## Requirement
Repeat every record word for word and omit the images.
═════ Material for this task ═════
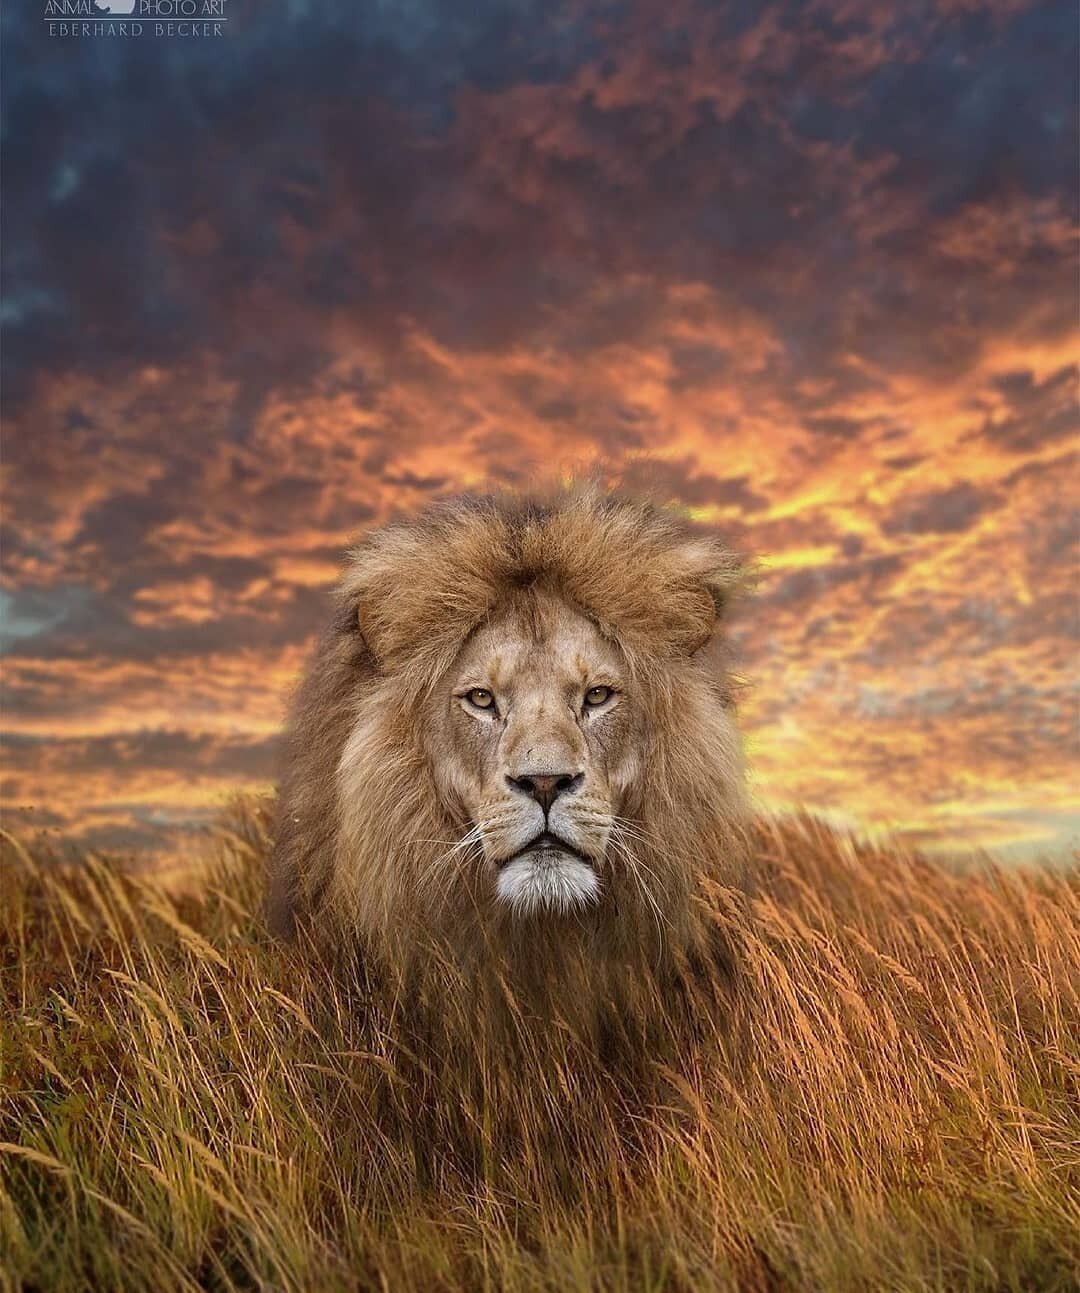 In all his glory 🦁 this is absolutely stunning @eberhardbecker_photography, congratulations on your feature! 

----------------------------------------------------------------------

What we do:
NOT just another Instagram repost page, we have the pr
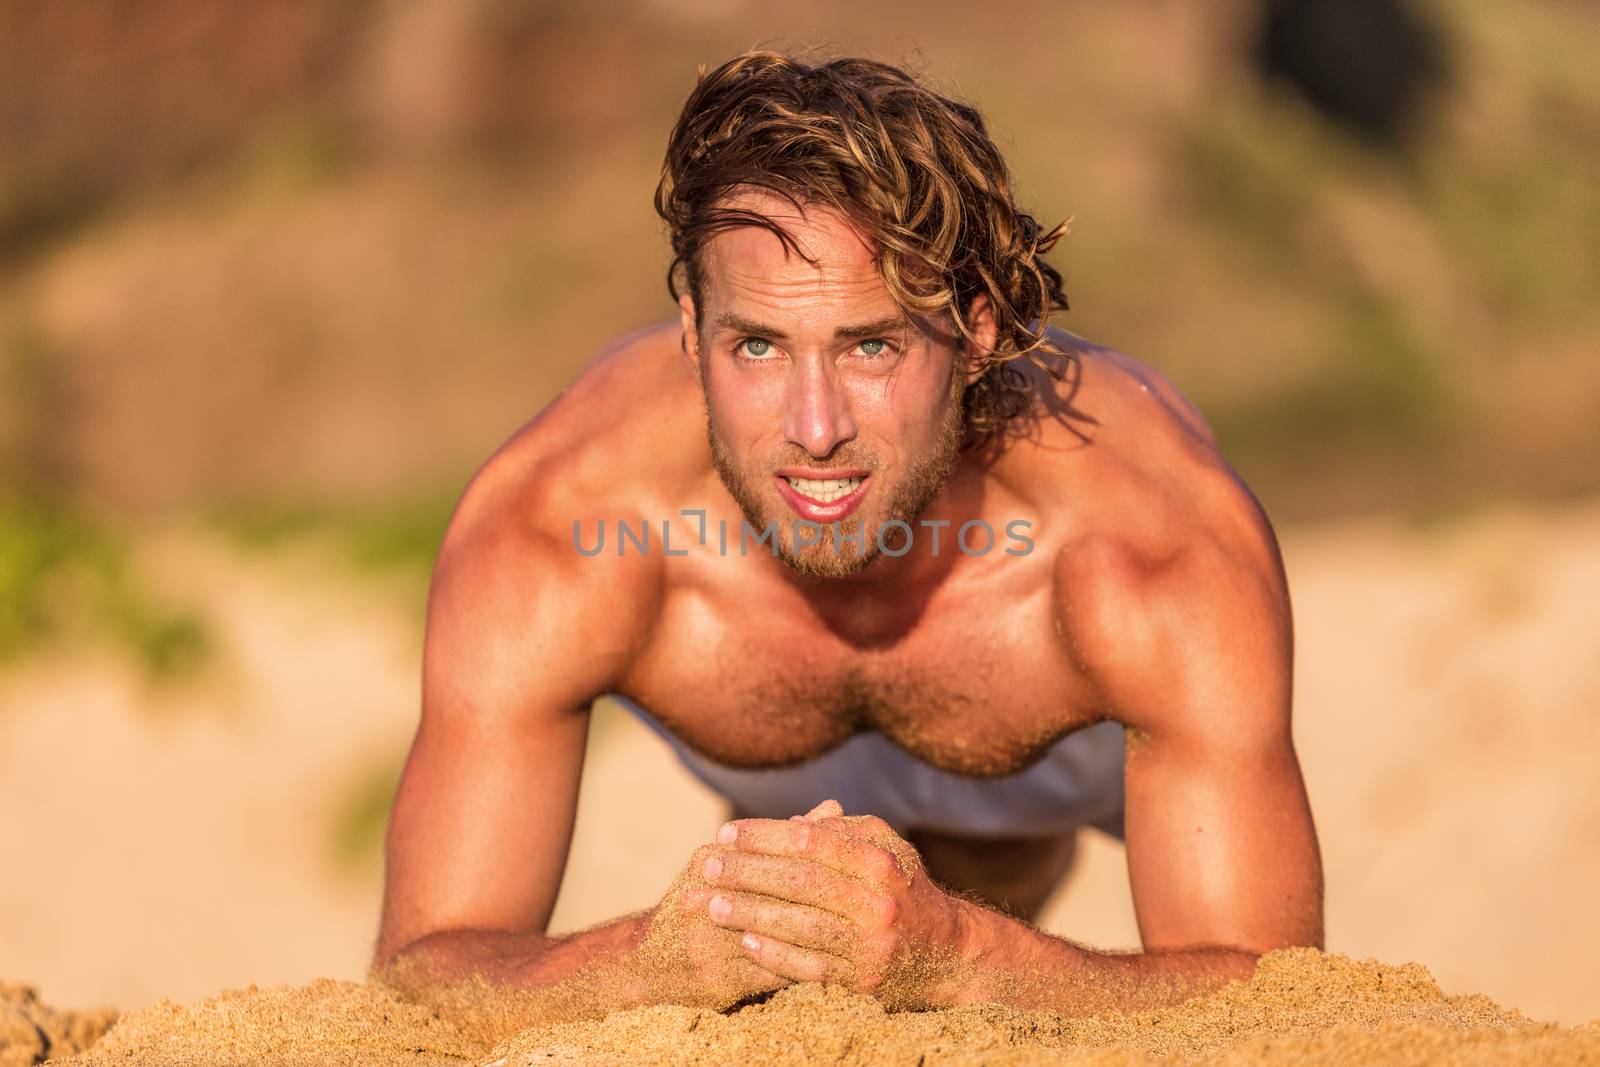 Fitness planking workout man doing plank exercise on beach at sunset. Sexy shirtless male athlete strength training sweating working out core body exercises by Maridav
═════
## Exercise result
 In all his glory 🦁 this is absolutely stunning @eberhardbecker_photography, congratulations on your feature! 

----------------------------------------------------------------------

What we do:
NOT just another Instagram repost page, we have the pr
 Fitness planking workout man doing plank exercise on beach at sunset. Sexy shirtless male athlete strength training sweating working out core body exercises by Maridav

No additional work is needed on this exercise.